William Fry borrows from dispersed firm model to offer revenue share deals to senior lawyers

Top Irish firm unveils 'unique' fully flexible contract alongside new lawyer resourcing service for clients

Matthew Cahill Image courtesy of William Fry

William Fry is launching a service for senior lawyers to work for the firm on a fully flexible basis and a resourcing agency that will place external lawyers with its clients temporarily.

The Dublin-based firm’s William Fry Connect contract will allow senior outside lawyers who match its standards to practise under its banner on a flexible 'pay-as-you-work' basis.
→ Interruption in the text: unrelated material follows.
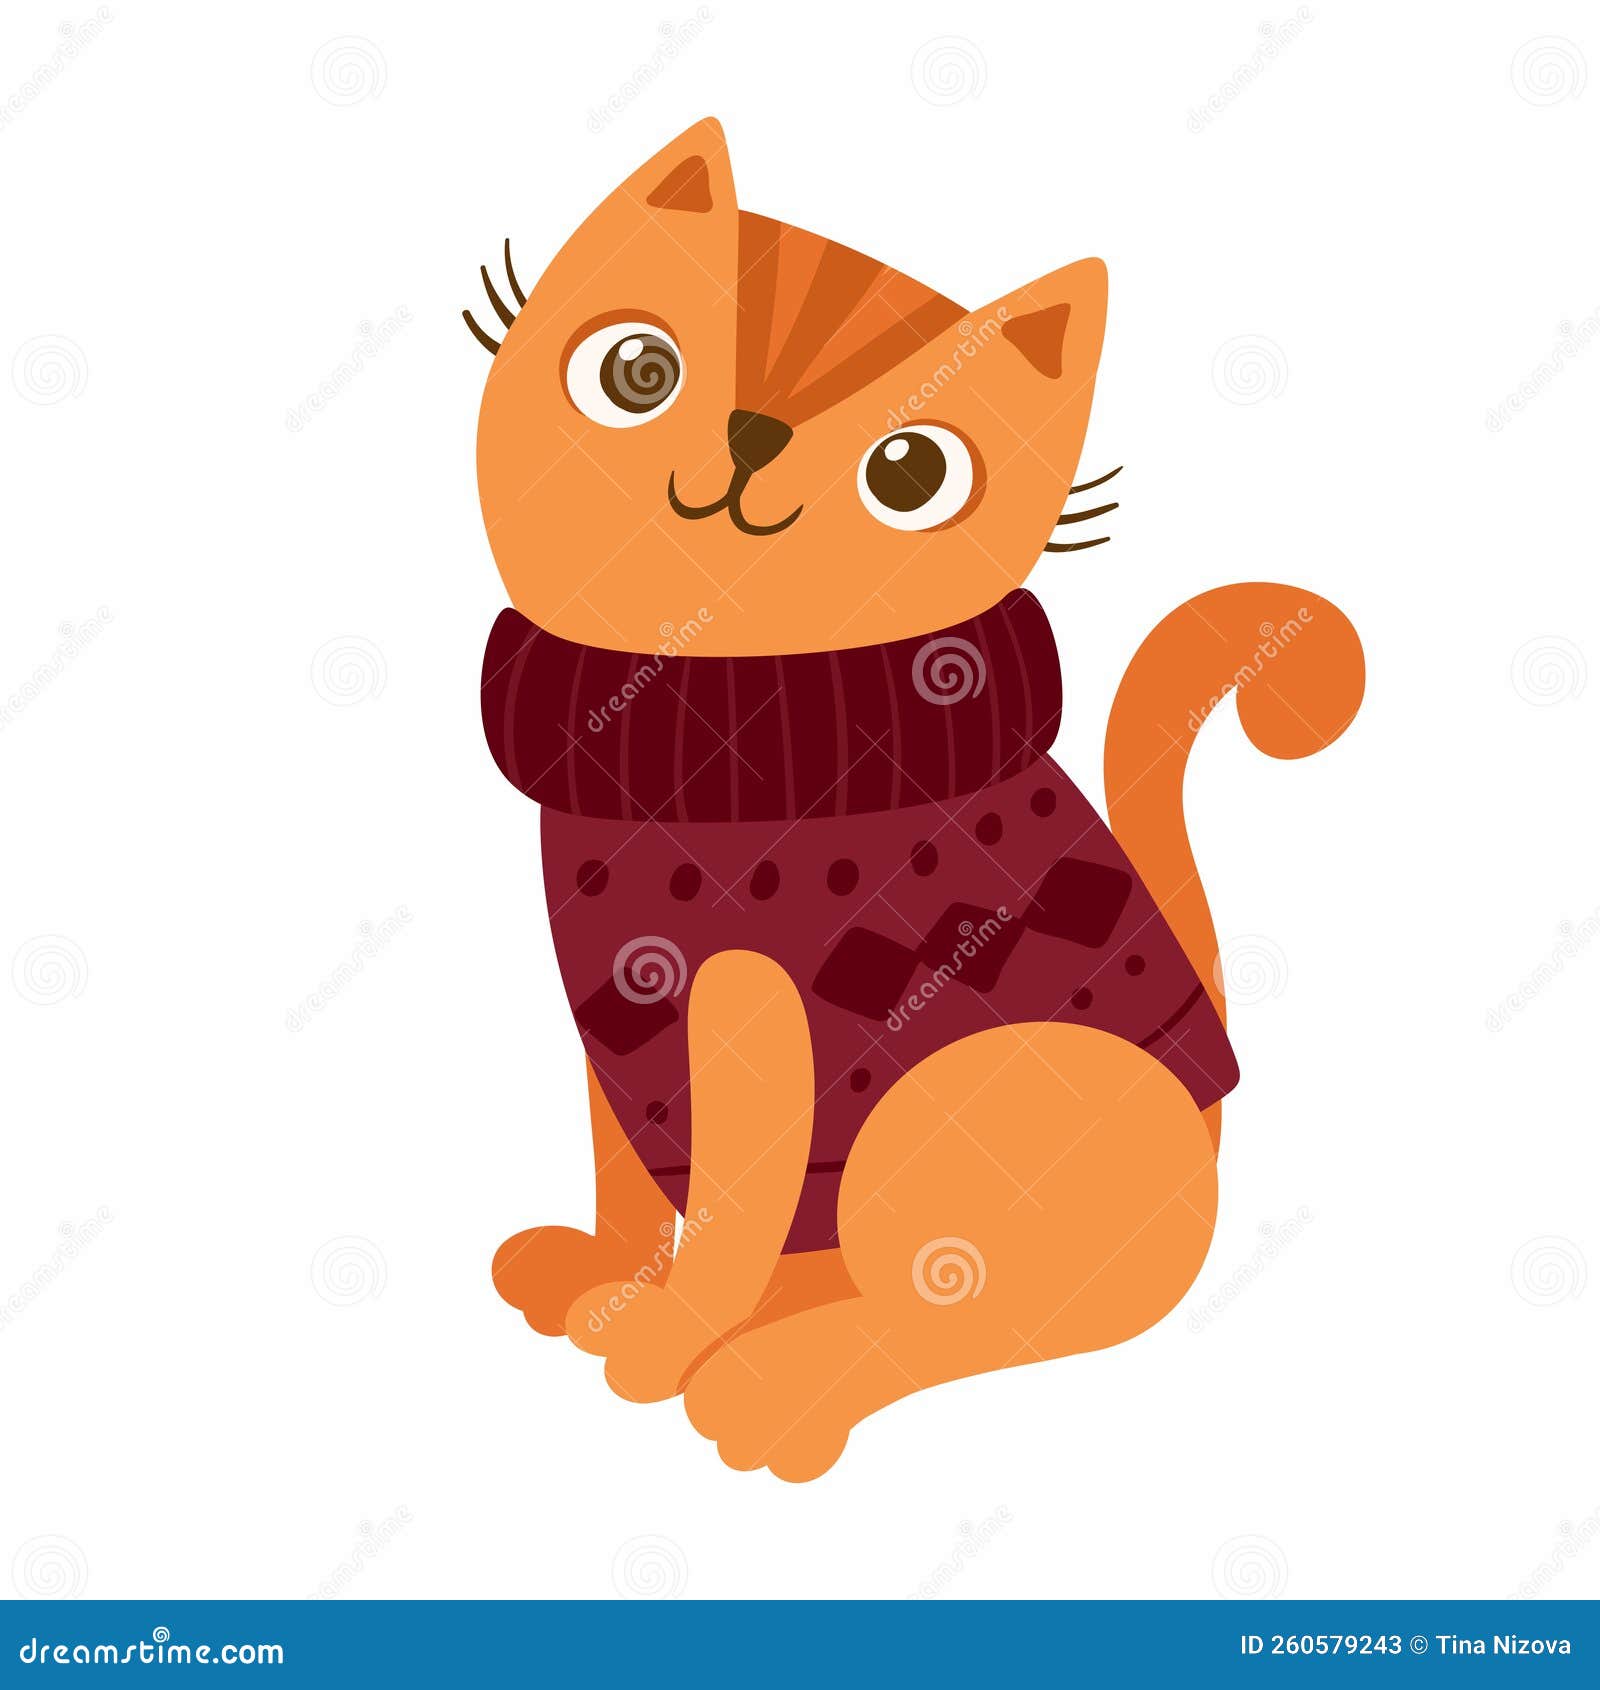 Otoño nuevo estilo falda de gato ropa para perro pequeña perro-ropa para  patas de otoño y ropa de invierno ropa para mascotas ropa de gato ropa para

Lawyers working for William Fry through its Connect offering won’t be paid a salary, but if they bring work to the firm the revenues will be shared.

The virtual model has been pioneered by firms including Keystone Law and gunnercooke in the UK and US outfit Rimon. However, William Fry believes it is the first firm in the UK and Ireland operating on a traditional model to openly offer fully flexible contracts to senior lawyers under similar terms to these new market entrants.

Matthew Cahill, the banking and finance partner leading the projects internally at William Fry, said that clients at the top end “will only use lawyers if they are at a firm with the right reputation and standing.” He described William Fry Connect as a “natural evolution of flexible working” that will allow “top end Irish lawyers to leverage the William Fry brand on terms that work for them and William Fry”.

The firm is also launching PeopleBridge, a client-facing service similar to Allen & Overy’s Peerpoint that will recruit and vet lawyers from outside the firm to work with its clients on particular projects such as major M&A deals or audits, or to cover a lawyer’s period of leave.

Managing partner Owen O’Sullivan commented that William Fry, which already seconds lawyers to certain clients and will continue to do so, gets many more secondment requests than it can meet. “We see PeopleBridge as filling a gap at the top end of the interim resources market in Ireland," he said.

The firm believes the service could see 30-50 lawyers join its roster over the next two years, with the offering likely to appeal to those who, for personal or family reasons, don’t want a permanent full-time position.

The firm also believes that adding additional flexible working options can help firms with their ESG credentials. Cahill commented: "Covid has been a great disrupter to the ways in which we work and our new fully flexibly contract will bring many back to the work place and allow those in the later stages of their careers to keep working."

He added that those who work on a consultancy basis don’t have the pressures most lawyers do to meet billable hour or fee income targets, or to show up at the office. 

“The consultancy model is going to be attractive to many, especially those wanting to better juggle work and caring responsibilities. And there are going to be plenty of heavy hitters out there at the end of their careers with valuable contacts wanting to work beyond normal retirement age on a commission-based consultancy.”

Cahill also sees the potential for the model to be adopted by more firms: "As long as firms protect their brand by hiring lawyers with the right pedigree it is hard to see why this won’t become another standard hiring option for Big Law. The economics are compelling. Consultants are not paid unless they bring in revenues.

“There are many partners who don’t have the book to justify a partner’s pay packet but who have the reputation and clients for the model to work sufficiently for both.”